In a 31-page impact assessment regarding the UK’s withdrawal from the EU in March next year, the FCA said the country could gain the freedom to “tailor financial services rules to ensure high standards that meet the needs of its domestic market and consumers” in the medium term.
However, it also acknowledged that any changes post-Brexit “would need to be compatible with broader international standards and take account of the type of EU-UK relationship we may have in future”.
The FCA stated that proceeding with the draft withdrawal agreement – struck between UK and EU negotiators on 14 November – was “preferable” to a ‘no-deal’ scenario. However, as part of the agreement the FCA would be barred from participating in the European Securities and Markets Authority’s (ESMA) decision-making processes.

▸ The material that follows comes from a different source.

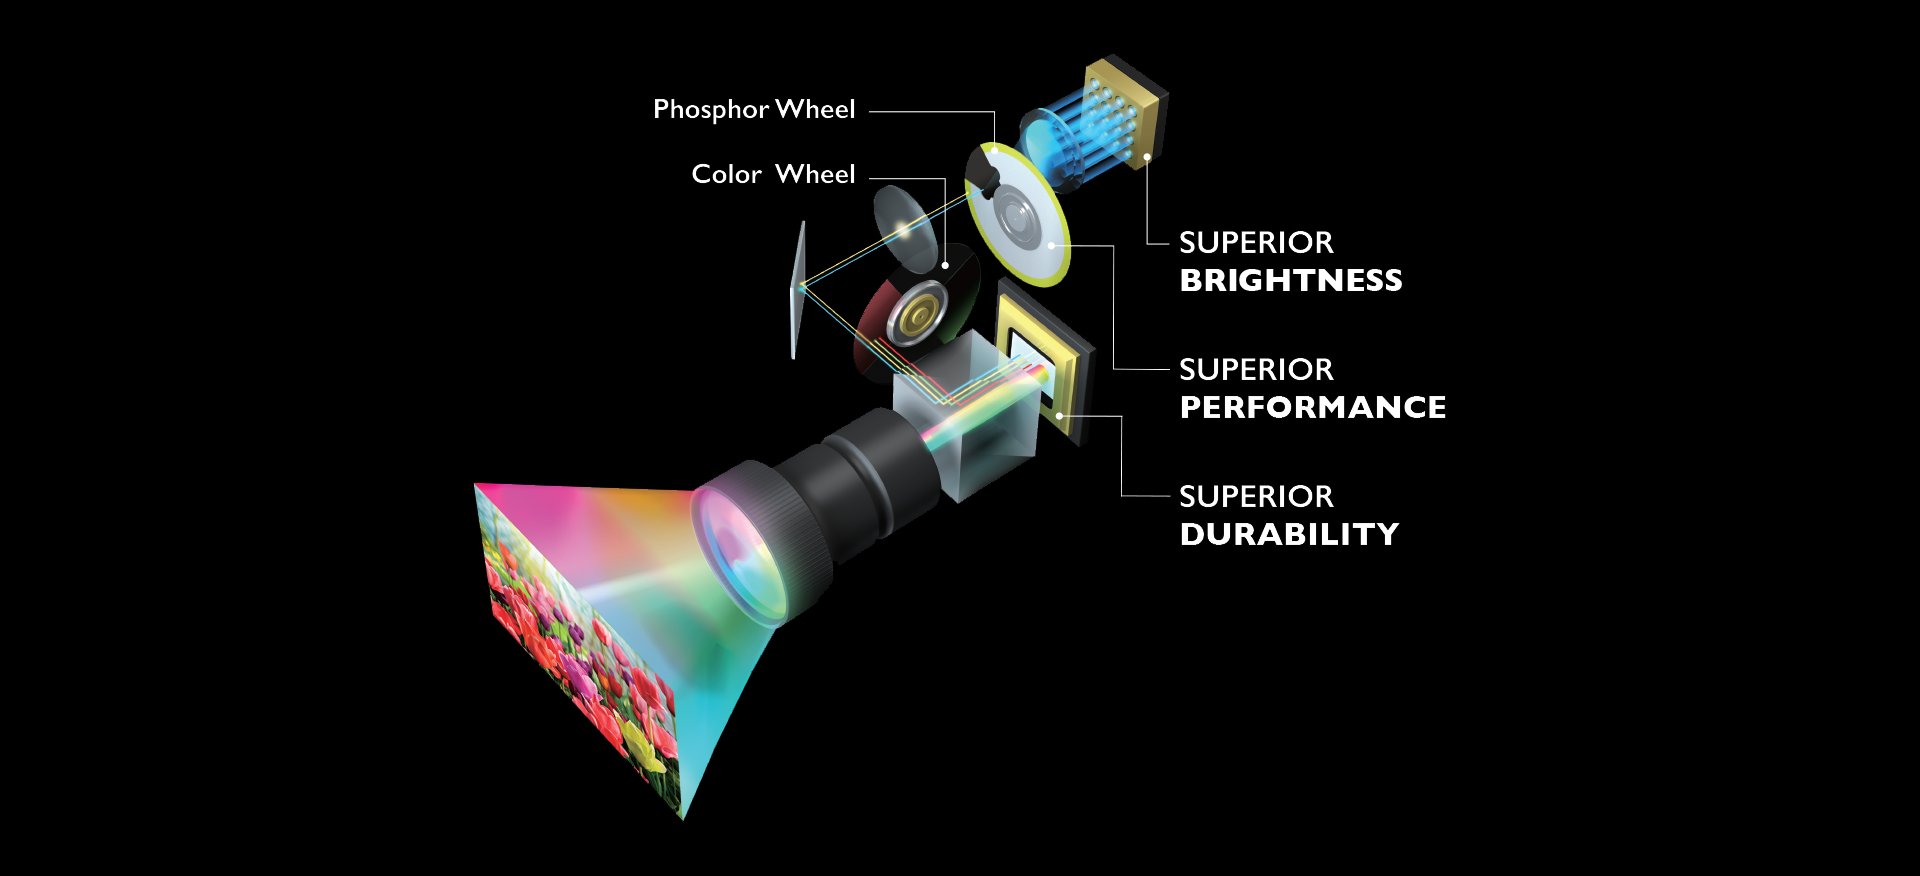 โปรเจคเตอร์สําหรับห้องประชุม BenQ LK952 4K BlueCore Laser DLP ให้ความสว่าง ประสิทธิภาพ และความทนทานที่เหนือกว่า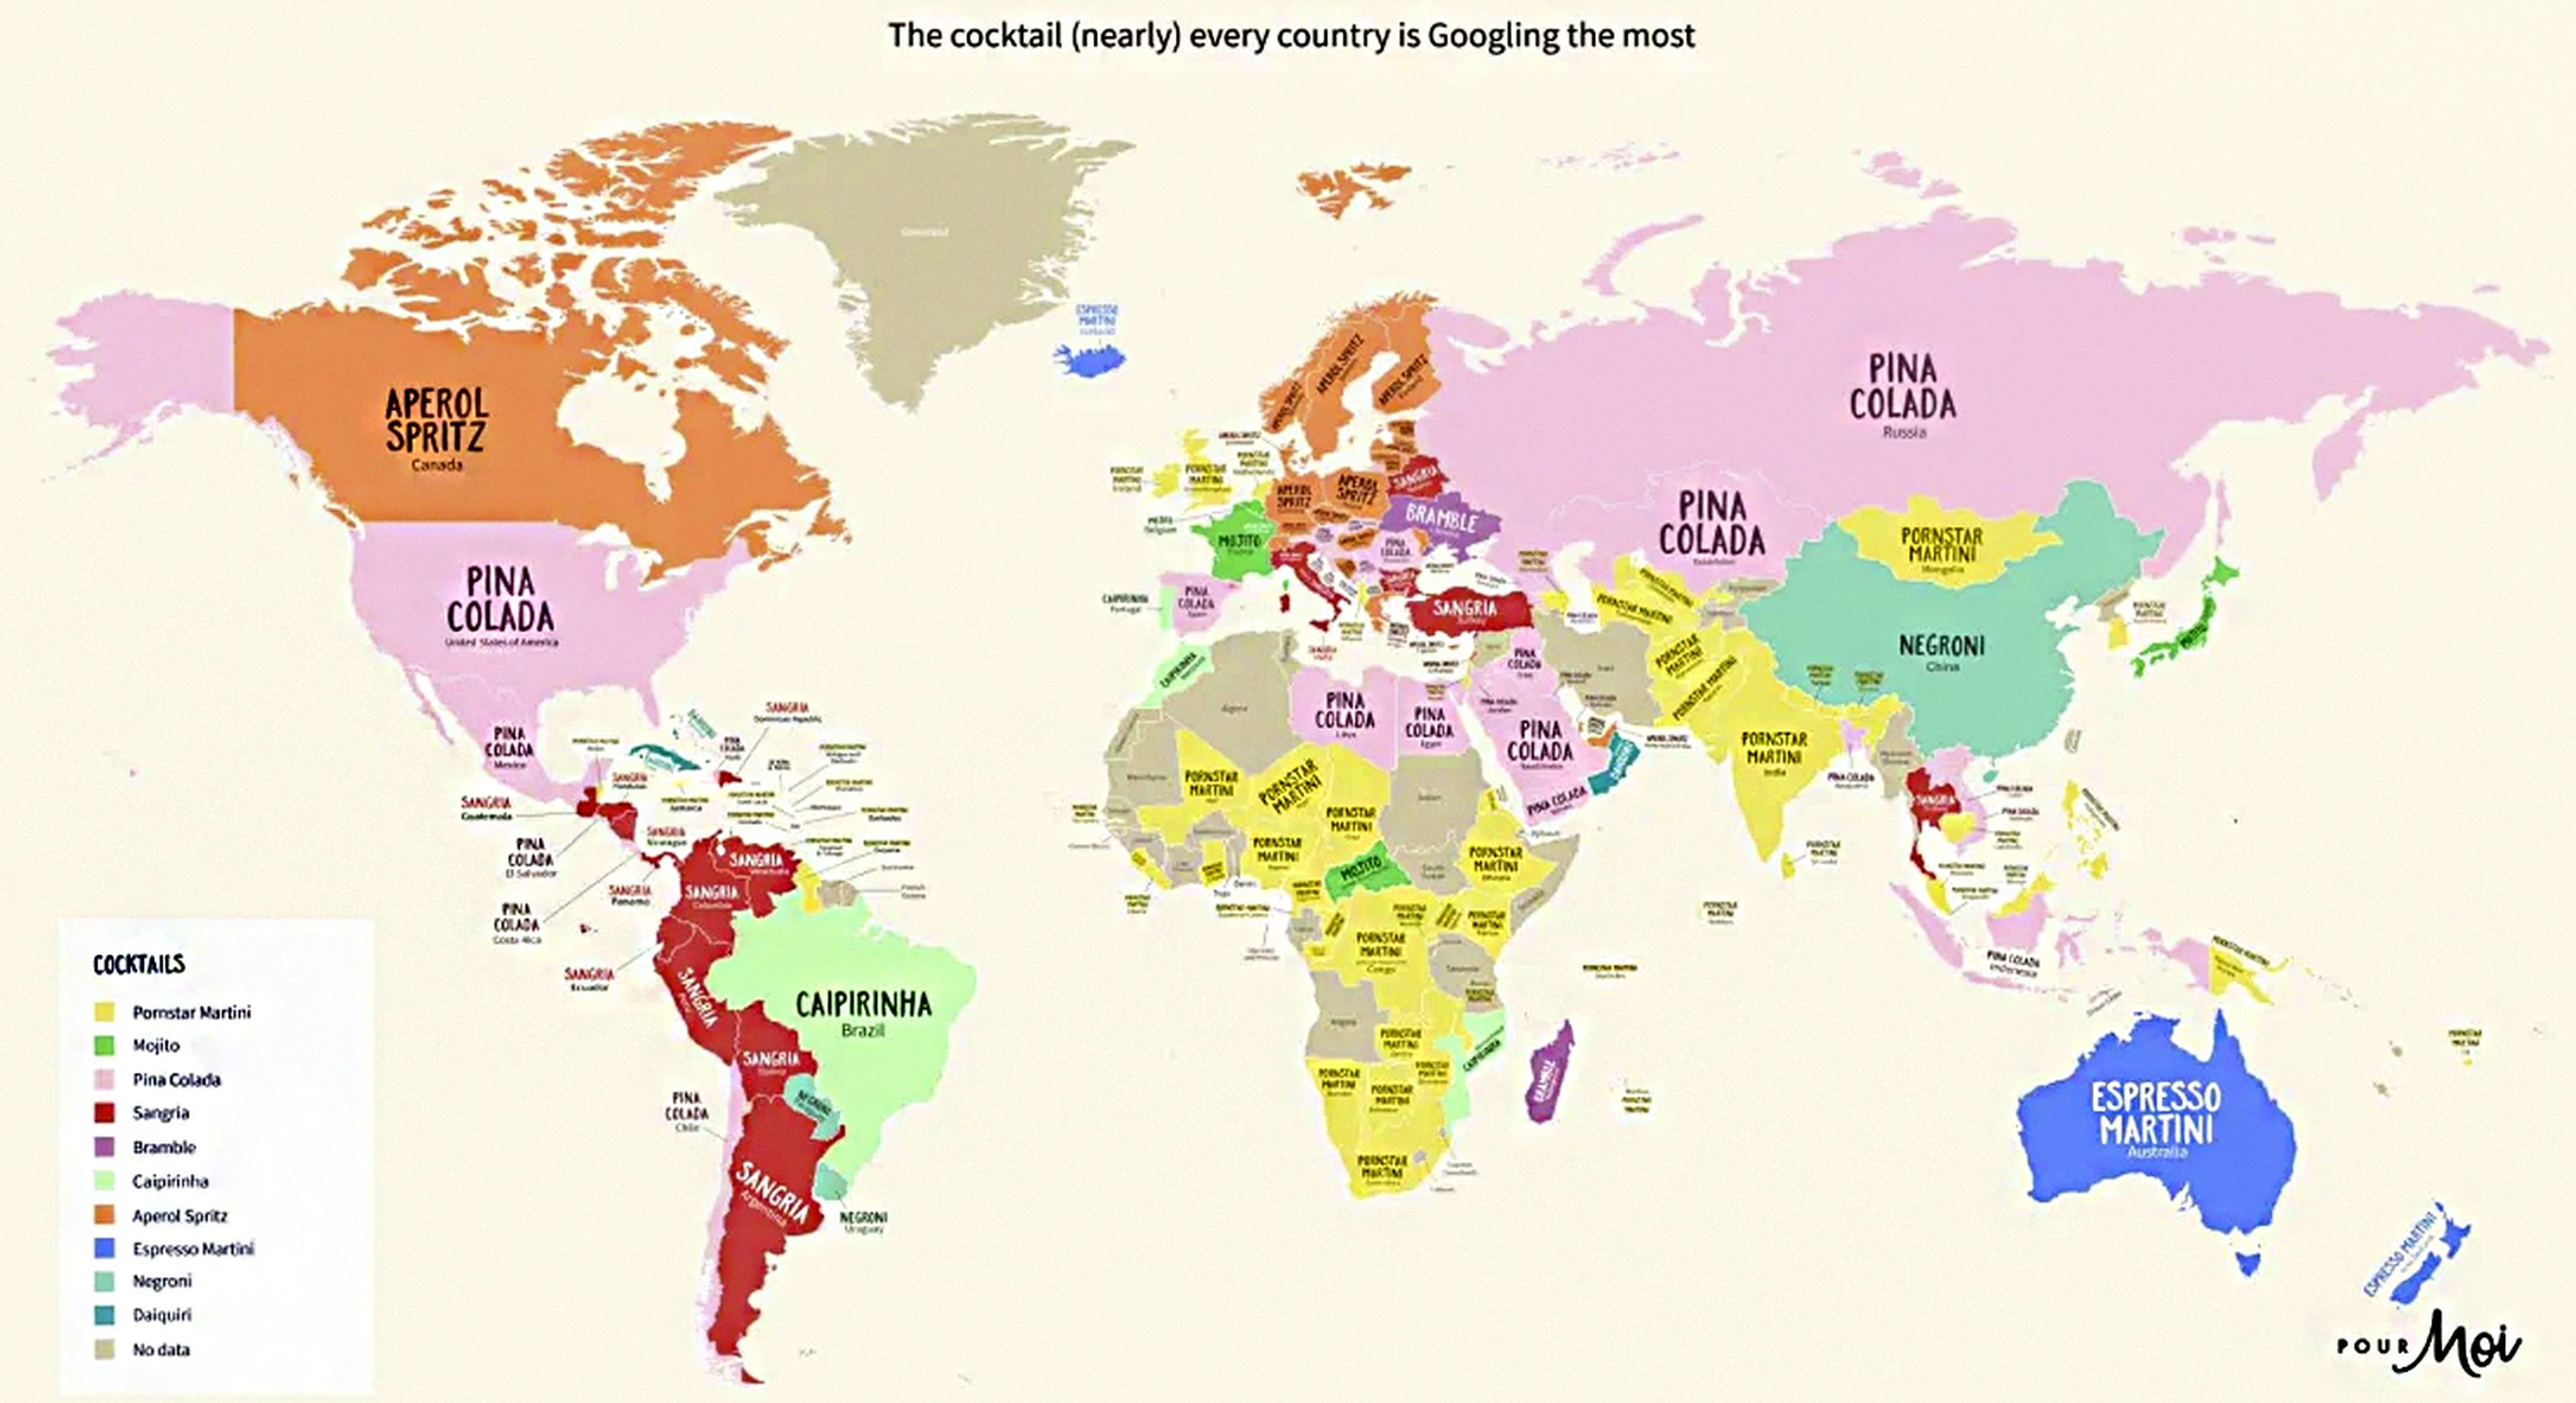 Mapa que muestra el cóctel más popular en cada país

There were dozens of pieces of legislation being discussed or developed by the EU that could affect the UK after Brexit or during the planned transition period – but the FCA would not be able to participate in discussions unless invited by ESMA
“During the implementation period, the UK will no longer be part of EU decision-making structures, nor will it be represented in the EU institutions, agencies and bodies,” the FCA said. “Some participation may be possible, but the EU and UK have not yet agreed how this would work in practice. In our view, there is time for this issue to be resolved.
“We believe there is a strong case for continued close co-operation given the size of the UK’s financial services sector and the importance the UK’s approach to applying EU financial services law has for the rest of the EU.”